**YOUR INSTRUCTIONS:** Return, from the data below, each line that contains the word "Main".

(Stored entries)

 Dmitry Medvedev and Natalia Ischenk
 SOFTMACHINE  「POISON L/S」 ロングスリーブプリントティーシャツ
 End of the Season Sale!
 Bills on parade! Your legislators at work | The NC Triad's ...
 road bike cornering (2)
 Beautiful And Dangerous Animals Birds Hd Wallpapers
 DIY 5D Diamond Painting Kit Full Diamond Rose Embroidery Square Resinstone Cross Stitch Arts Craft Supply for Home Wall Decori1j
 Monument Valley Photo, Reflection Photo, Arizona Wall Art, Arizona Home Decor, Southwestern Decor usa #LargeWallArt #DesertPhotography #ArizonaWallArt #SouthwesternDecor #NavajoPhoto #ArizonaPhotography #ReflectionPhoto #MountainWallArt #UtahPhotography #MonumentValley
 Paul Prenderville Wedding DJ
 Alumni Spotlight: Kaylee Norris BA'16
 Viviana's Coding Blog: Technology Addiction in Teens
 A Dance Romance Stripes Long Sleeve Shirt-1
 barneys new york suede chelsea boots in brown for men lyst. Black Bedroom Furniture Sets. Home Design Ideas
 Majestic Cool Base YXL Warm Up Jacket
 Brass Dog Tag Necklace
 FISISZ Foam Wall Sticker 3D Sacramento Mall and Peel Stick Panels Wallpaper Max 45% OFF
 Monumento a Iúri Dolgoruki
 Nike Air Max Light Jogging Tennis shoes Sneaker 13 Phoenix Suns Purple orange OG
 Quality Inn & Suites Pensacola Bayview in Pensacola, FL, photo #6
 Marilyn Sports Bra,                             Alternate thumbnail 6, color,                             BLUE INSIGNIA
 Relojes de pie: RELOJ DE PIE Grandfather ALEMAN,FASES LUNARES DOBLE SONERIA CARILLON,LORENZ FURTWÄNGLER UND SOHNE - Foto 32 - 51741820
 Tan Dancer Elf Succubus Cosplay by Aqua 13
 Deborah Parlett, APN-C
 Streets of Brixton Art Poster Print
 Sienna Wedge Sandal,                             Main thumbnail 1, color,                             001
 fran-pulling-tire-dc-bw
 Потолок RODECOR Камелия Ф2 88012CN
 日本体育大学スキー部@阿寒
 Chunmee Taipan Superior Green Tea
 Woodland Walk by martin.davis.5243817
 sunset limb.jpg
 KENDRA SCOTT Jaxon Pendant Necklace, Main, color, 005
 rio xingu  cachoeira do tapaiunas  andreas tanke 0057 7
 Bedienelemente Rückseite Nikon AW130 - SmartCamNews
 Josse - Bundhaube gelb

**SOLUTION BELOW:**
 Sienna Wedge Sandal,                             Main thumbnail 1, color,                             001
 KENDRA SCOTT Jaxon Pendant Necklace, Main, color, 005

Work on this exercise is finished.